[[ GIVEN DATA open ]]

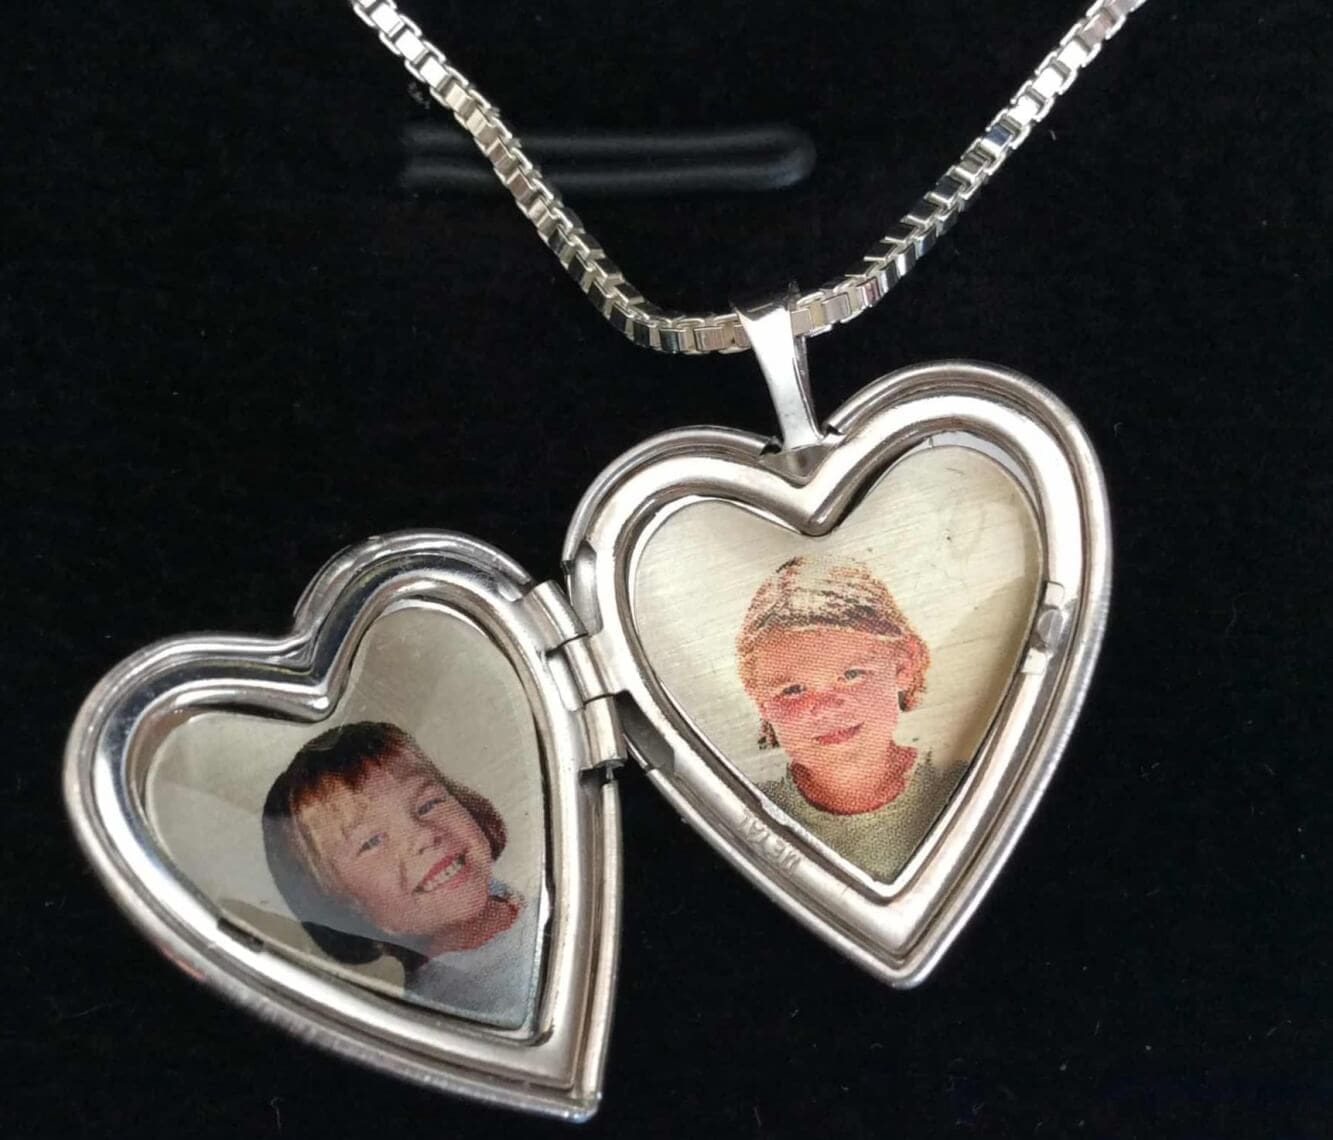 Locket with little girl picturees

[[ GIVEN DATA closed ]]
[[ GIVEN DATA open ]]

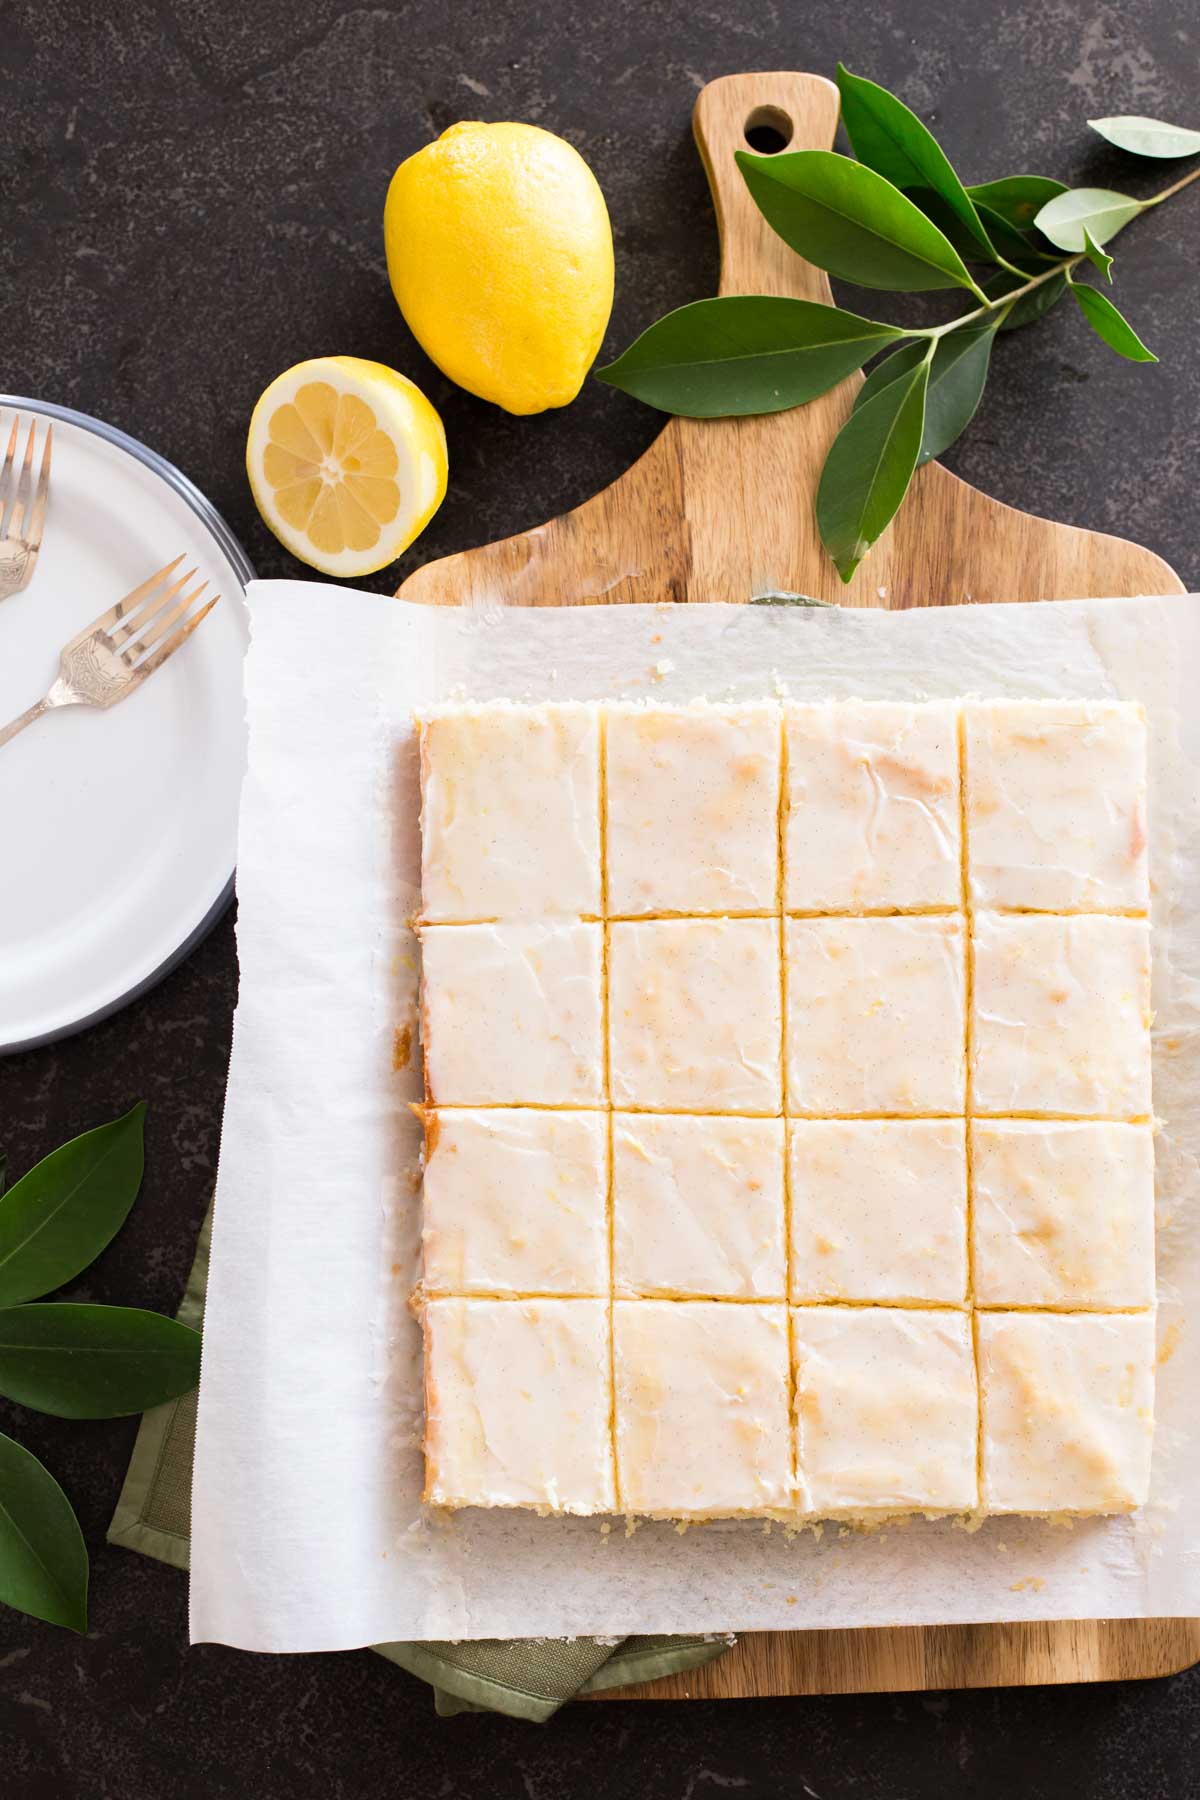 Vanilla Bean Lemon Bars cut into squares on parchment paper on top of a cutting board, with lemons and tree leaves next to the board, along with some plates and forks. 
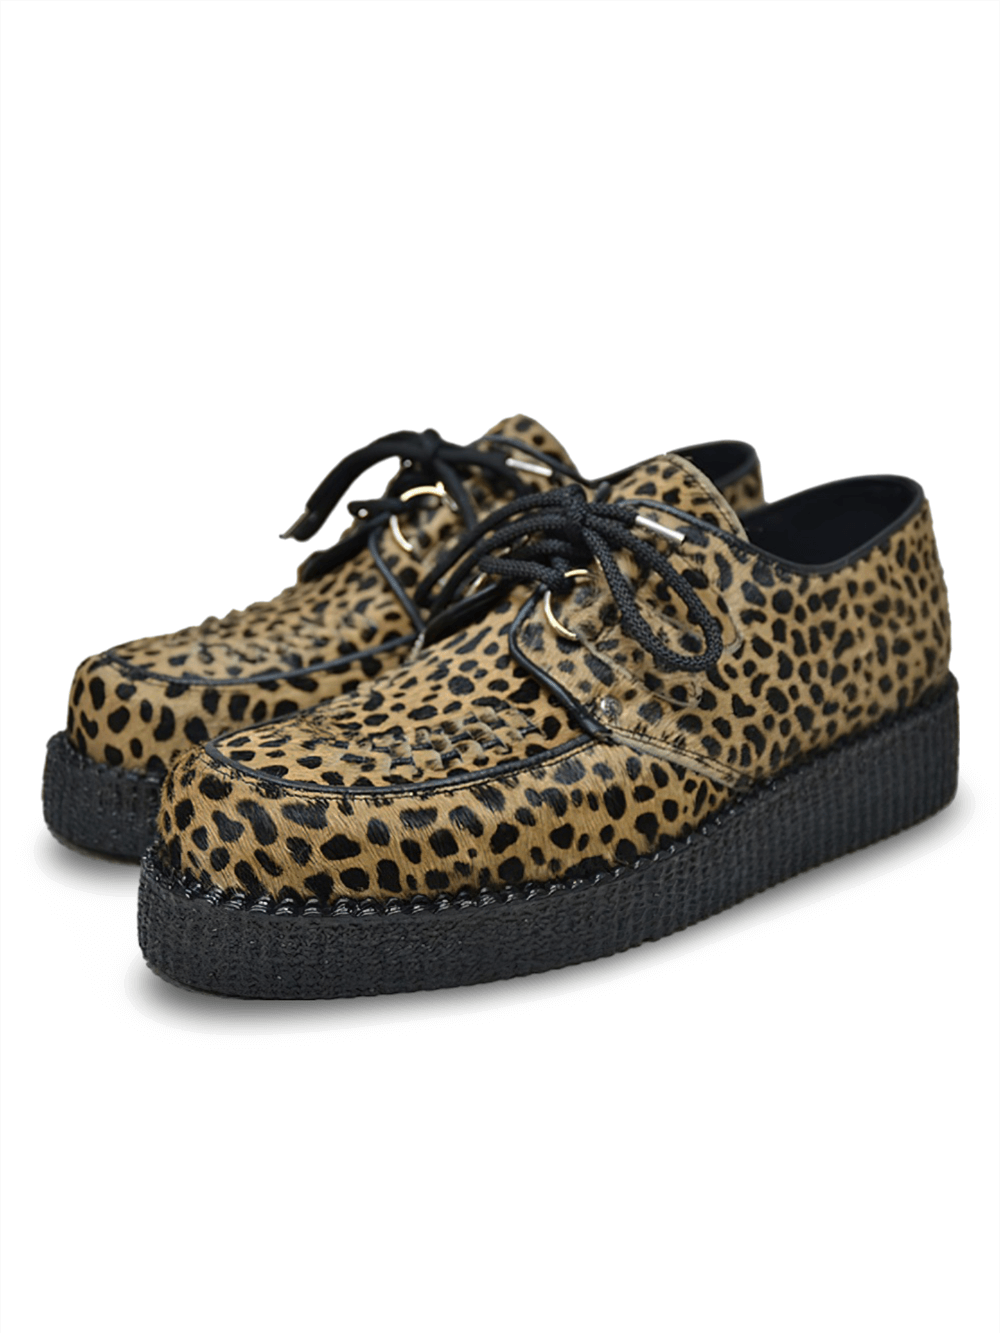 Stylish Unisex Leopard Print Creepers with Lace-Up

[[ GIVEN DATA closed ]]

Exactly the lines starting at the one above with "Vanilla Bean Lemon" and ending at the one with "Stylish Unisex Leopard" should be printed, and nothing else. Omit the pictures.

 Vanilla Bean Lemon Bars cut into squares on parchment paper on top of a cutting board, with lemons and tree leaves next to the board, along with some plates and forks. 
 Stylish Unisex Leopard Print Creepers with Lace-Up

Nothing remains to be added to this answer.